The economy's current downturn will temporarily reduce productivity because output falls faster than employment. In fact, output per hour worked slipped to a 2.1% annual growth rate in the second quarter. But when this brief recession has run its course by next spring, productivity will come back to a 2.5% annual pace, slowed just a bit from what it would have been otherwise. That's because the technological revolution has a long way to run yet—many more efficiencies yet to be realized and implemented. "Ultimately, I see productivity rebounding sharply. Spending on technology is what's driven productivity higher, and that will resume. Businesses will continue to look for ways to lower costs," says Robert Allsbrook, chief economist with AmSouth Bank in Birmingham, Ala.

Although the overall productivity picture remains good, companies will be coping with new security demands, and for some the costs will be hefty. On the front lines are transportation businesses such as RUAN Transportation Management Systems, a trucking firm in Des Moines, which has hired extra guards for its 36-story headquarters building. Richard Mikes, the company's executive vice president, says that his firm is seeing other new costs too. Drivers have to fill out added paperwork requested by federal officials about the kinds of materials they're carrying. "Trucks are being detained, either loading, unloading, or en route. At some point, these costs start totaling up," Mikes says.

Some of those extra costs will hurt RUAN's profits, while some—maybe most—will be passed along to other companies. Morgan Stanley Dean Witter & Co. estimates that U.S. businesses will pay up to $4 billion in added transportation costs over the next year due to increased inspections at border crossings, more X-rays and other screening at airports, tighter security at seaports and related delays. Jeremy Leonard, an economic consultant for the Manufacturers Alliance/MAPI, estimates a higher price tag, from $5.6 billion to $16.8 billion a year. But even that is only a dot in the nation's $10-trillion economy.

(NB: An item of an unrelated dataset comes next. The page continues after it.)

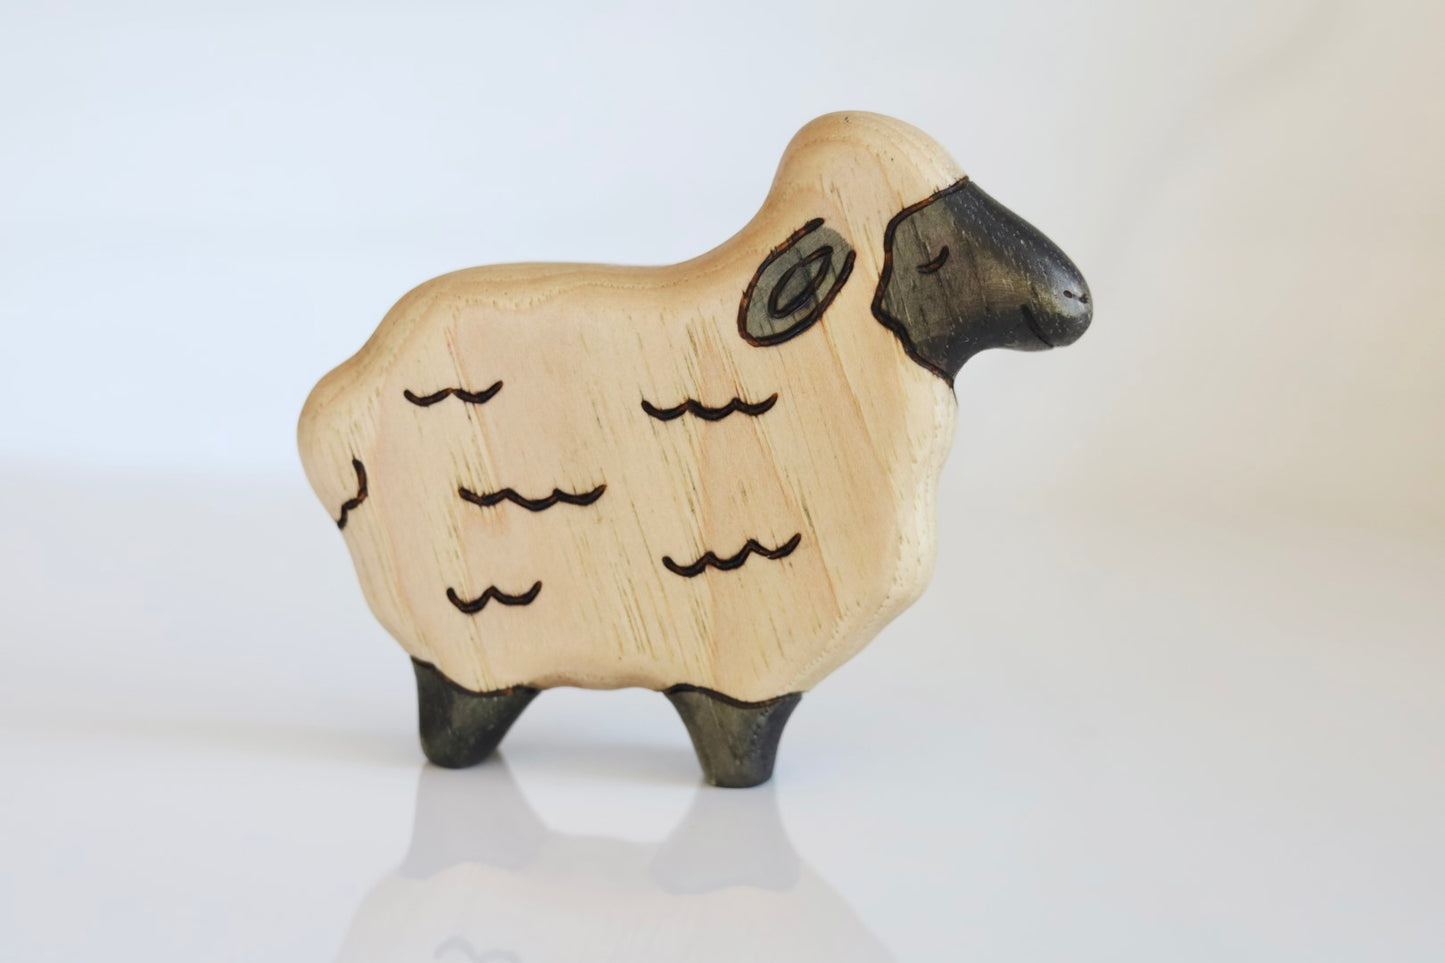 Wooden Sheep Toy

Energy companies, including oil, gas, nuclear power and electric utilities, are another group facing higher expenses from stepped-up security. "Access to nuclear plants has been strict, and that will extend to all power generating plants," notes Dennis Delay, senior economist with Public Service Co. of New Hampshire. More guards will be hired, and companies will devote time to revising delivery procedures and controlling access by outsiders.

In some instances, an industry may be able to get someone else to pick up the tab. Airlines, for example, pay about 2% of their revenues for security measures, which is much less than Israel's El Al, which pays about 4% of its revenues for safety, according to Baily. The cost will rise in the U.S., but it appears that Congress will pass that cost on to fliers, slapping a tax of $2.50 to $3.00 on the price of a plane ticket.

Of course, many companies will make changes that won't cost very much. Monnie Peterson, executive vice president of Industrial Label Corp. in Omaha, says that his company "took a real hard look at our backup systems" and increased duplication of accounting and other data. "From a cost standpoint, it's minimal," he adds.

There's also a limit to how far companies will be willing to add spending, even if it seems desirable at first. Every company will weigh higher costs against expected sales and profits. "At the end of the day, economics takes over and you can only afford to do what the customer will pay for," notes Michael Kays, president of Walker Equipment Companies, a Wisconsin-based manufacturer of equipment for the food and pharmaceutical industries.